I decided that the potato patch is a bust. The plants were mostly gone anyway, and the rest covered with bindweed and this one annoying bush of the neighbor’s that keeps coming back, whether they cut it down or I do. (Of course I only cut the parts on my side of the fence.) The onion sets had done their best in the same conditions, but were clearly too tired to struggle on, so I pulled them up. The leeks had disappeared.
On the other side of the garden, where those beans were supposed to have grown, is now my de facto potato patch, because I planted some there…last year? No, the year before; last year was garlic. Anyway, they came back, and I didn’t pull them out, and there are enough that I might as well leave them, because I’m not getting anything else out of that entire side of the garden.
So that’s the vegetable garden: tomatoes doing okay, peppers and eggplants behind, volunteer potatoes, and an insanely happy patch of parsnips, some of which think they’re going to flower but they’re sadly mistaken. There will be no more flowering parsnips in my garden, possibly ever.
Then I moved onto the herb garden. This, too, was choked with weeds, but only in specific places, and was surprisingly easy to clean up. I pulled out approximately 381 volunteer tomato plants. I left one. I know they’re cherries, which I’m not too excited about, but they freeze really well f0r winter cooking and there’s nothing else in that part of the garden anyway. (There’s a theme emerging here.) The two other denizens of that area are leftover candy onions from last year that have flowered:
And wild onions that Mom transplanted there in April from the driveway and have also flowered:
I’m not too keen on wild onion–they’re kind of tough–but they do grow easily and the look of the seed head may be enough to convince me that they’re worth keeping. How cool is that? They’re Muppet onions!

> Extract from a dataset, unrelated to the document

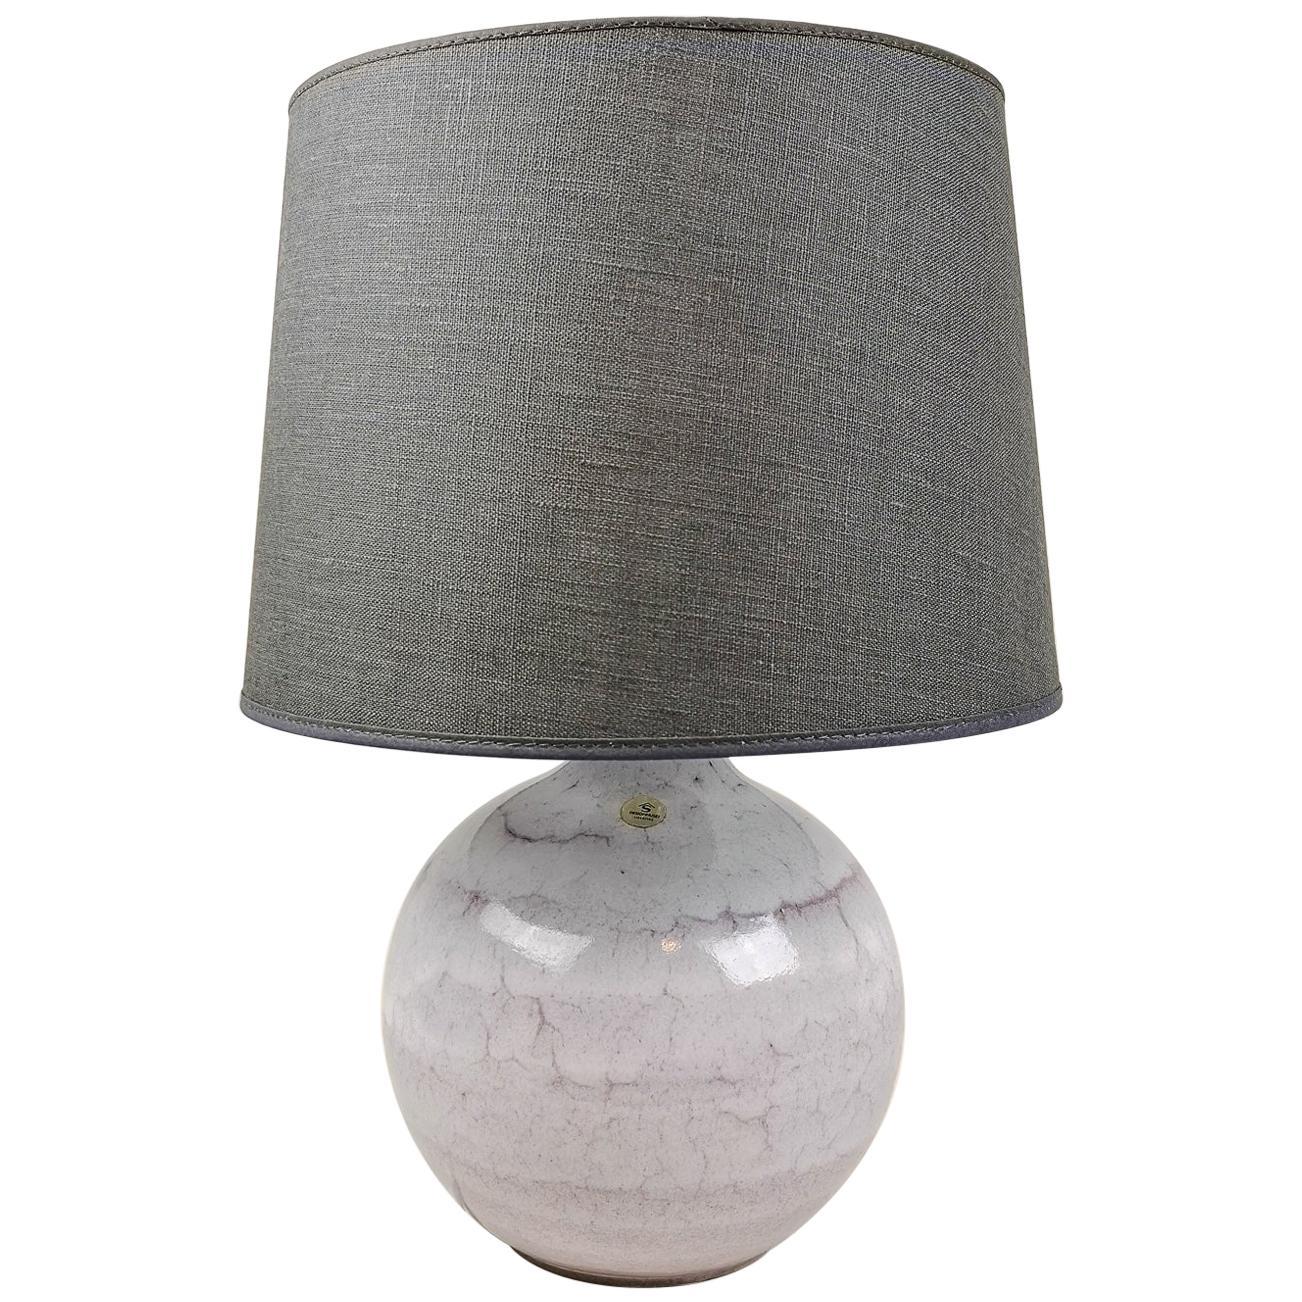 Midcentury Ceramic Table Lamp Carl-Harry Stålhane, Sweden

The peas are gone; the lettuce is gone; the rocket is gone (well, not gone, but flush with seed pods and intensely bitter). The lemon sorrel, surprisingly, is still doing okay. Maybe it grew too slowly and was choked down by the mass of everything else. It’s now almost all that’s left in the greens bed, that and the kale and a few brassicas.
On the good side, everything looks lovely now that the weeds are gone (except the ones in the path, and I’m starting to think that it’s Round-Up time for them because they’re the low-lying ones that are impossible to grab in impacted dirt, and that’s the side near the house so I don’t have food plants over there anyway, and…you get my drift). And the new beans and zucchini and basil are doing well. And the sage is very, very happy.

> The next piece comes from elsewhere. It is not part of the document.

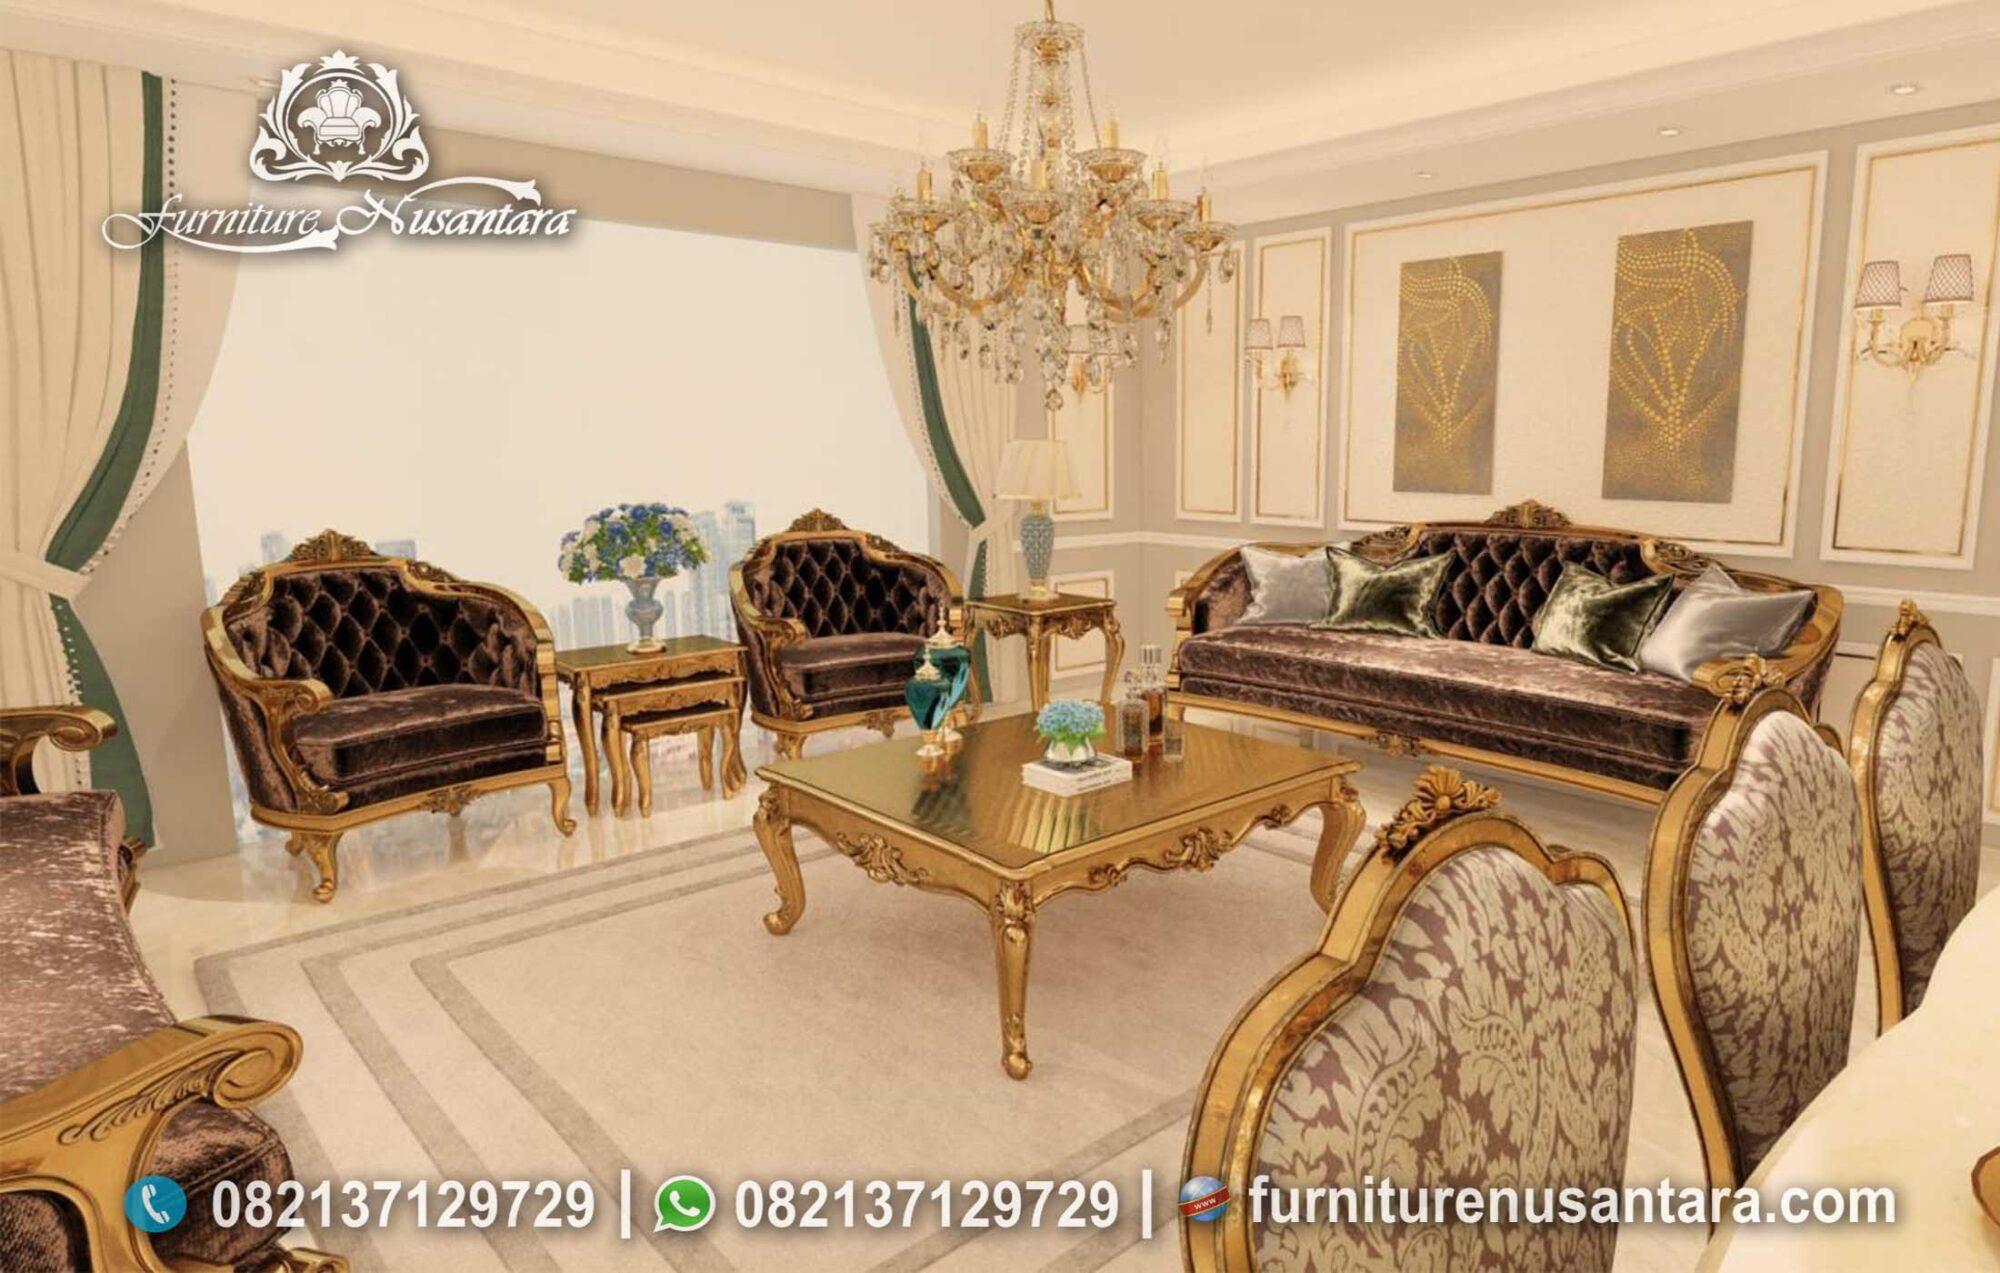 Sofa Ukir Jepara Mewah Warna Gold ST-14, Furniture Nusantara

I put some peas in my pocket for saving for seed–because it never hurts–and cut a bunch of oregano to dry, and laid it on my garden bag. I stood up, and contemplated the raspberries that I thought I had cut down last year.

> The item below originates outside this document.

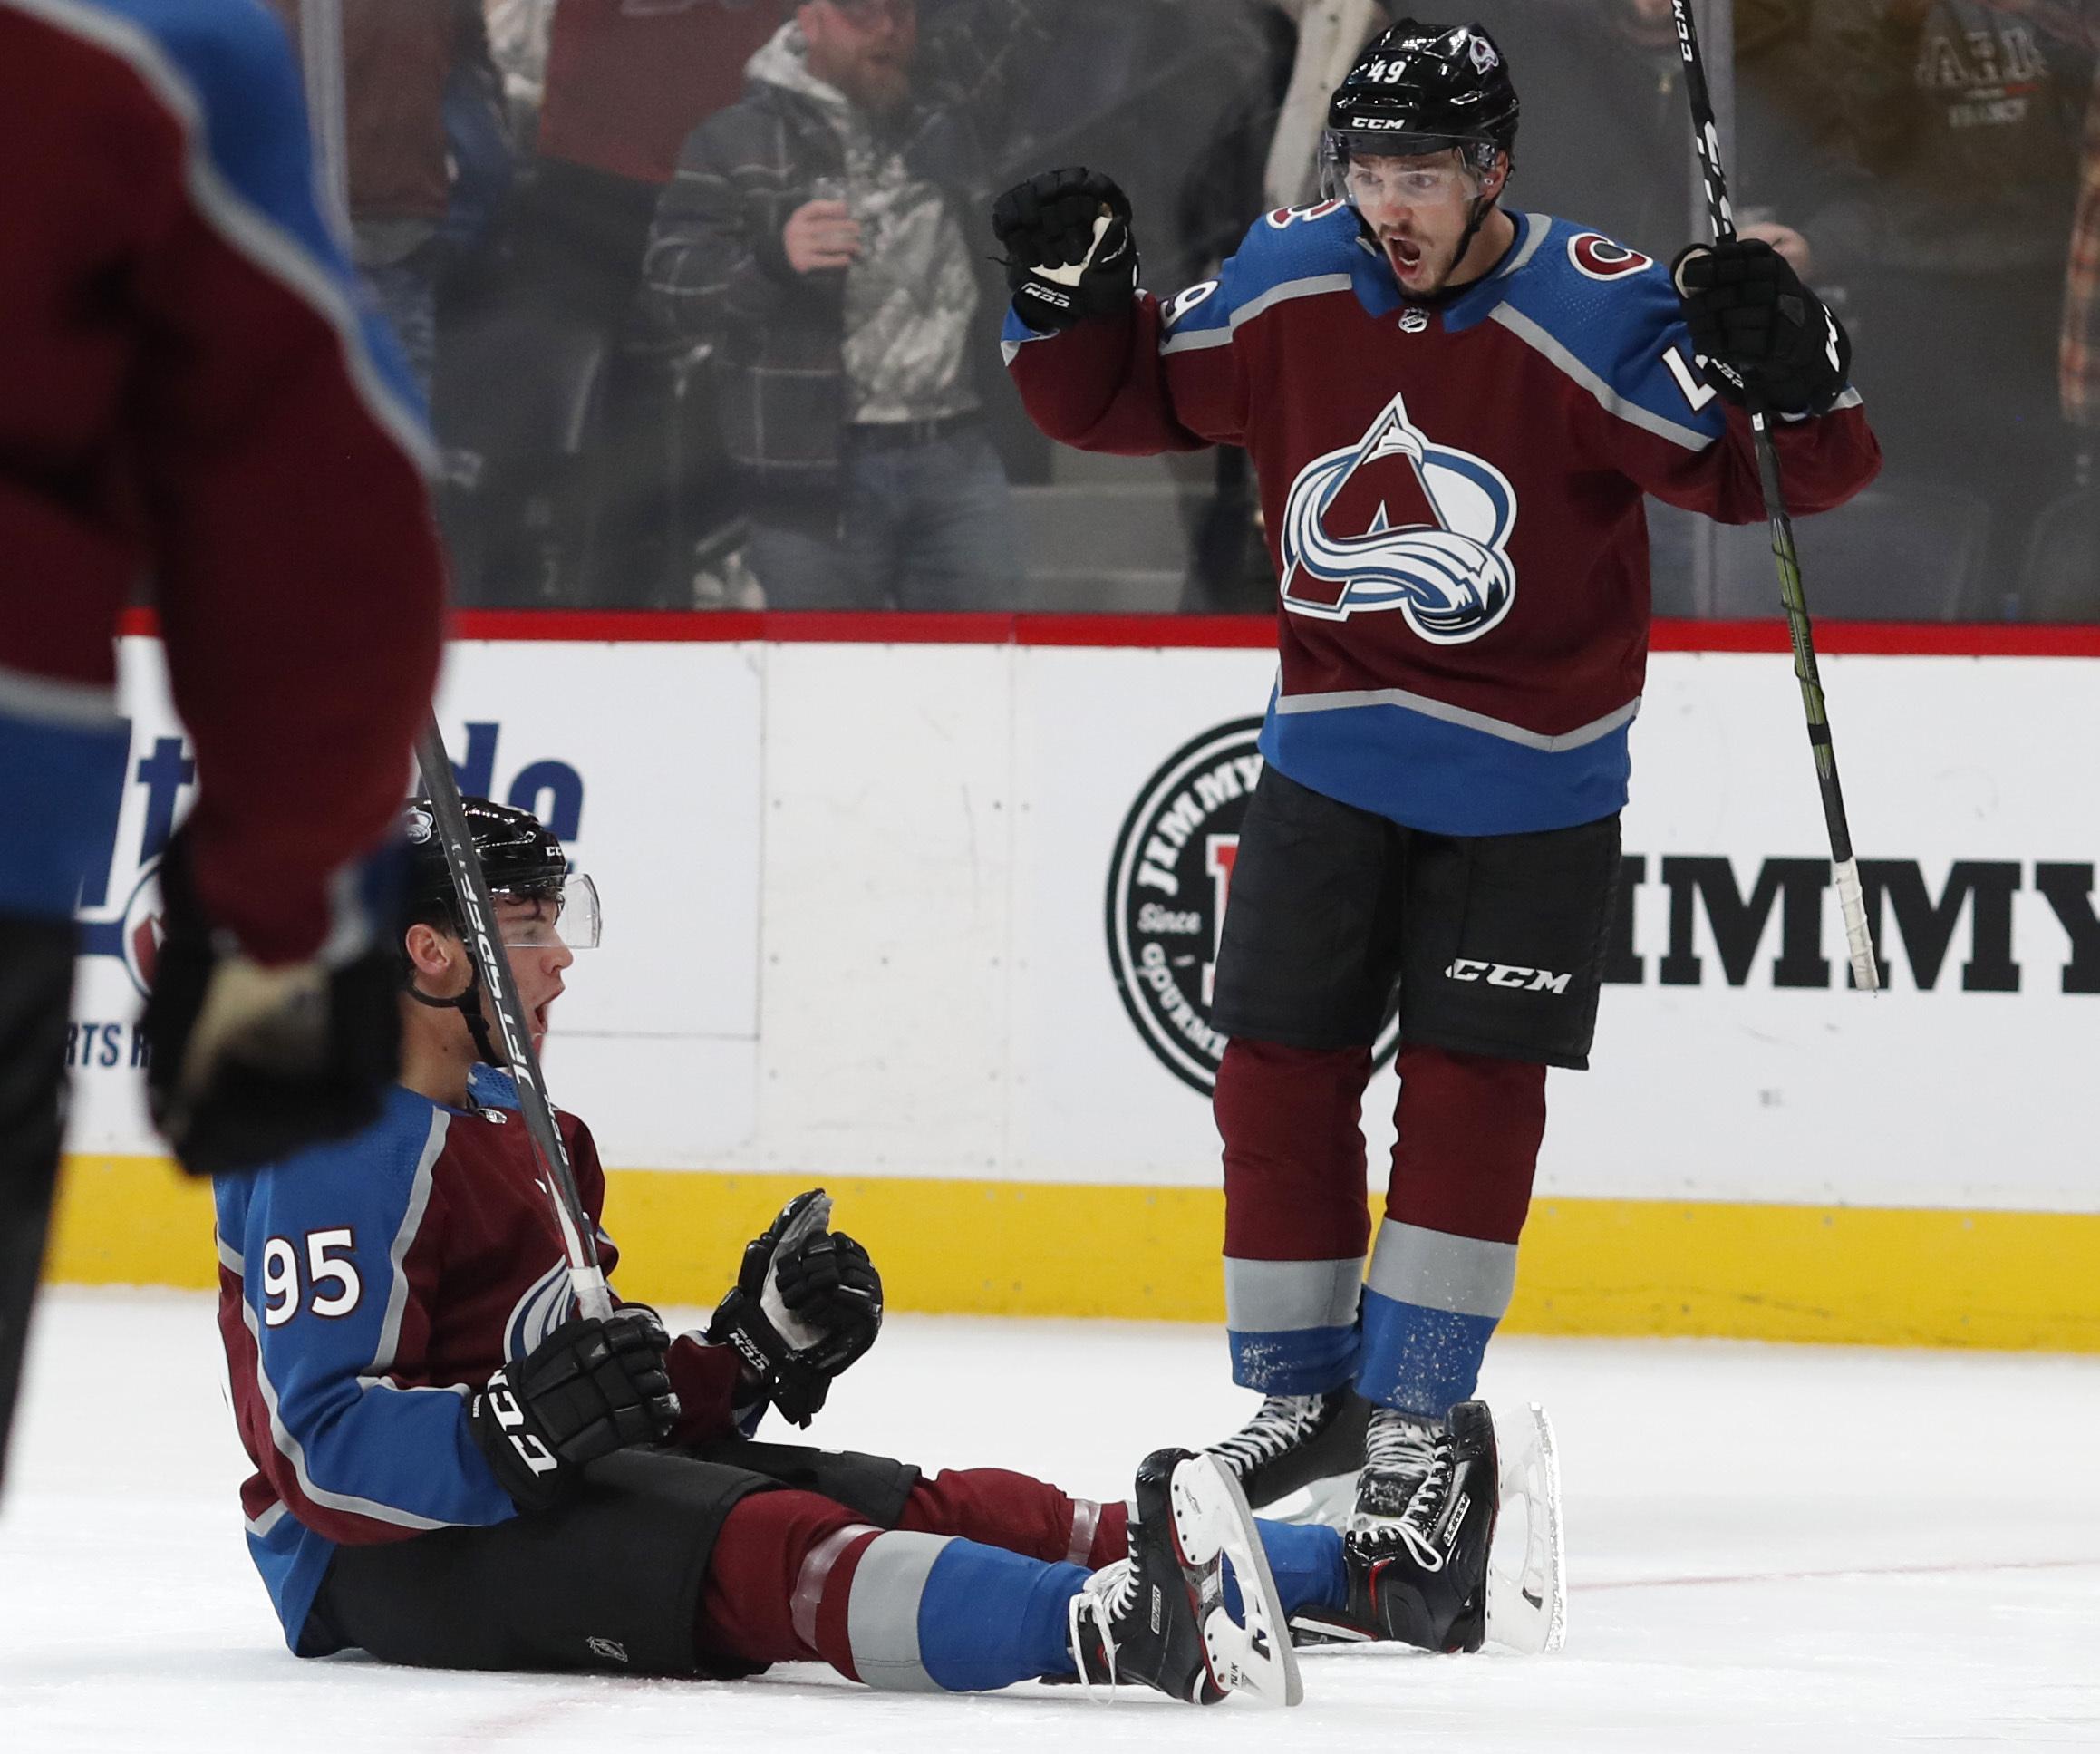 Burakovsky scores late goal, Avalanche beat Bruins 4-2

Then Eric tapped on the window and indicated that Chloe needed feeding, so I went in. She was kind of scared of me, and I figured it might be because I stank, so I showered and then fed her (she’d had a snack in the meantime but was still much happier with me when I smelled like Mommy and not so much like Dirty Tomato-Streaked Sweat) and we worked on dinner and then it started storming, and I didn’t remember until this morning that my bag was still out there. It’s on the porch now, drying. The oregano should be fine. I don’t know about the seeds that were tucked into the pockets. Chalk up one more casualty to my Weed Once a Year policy.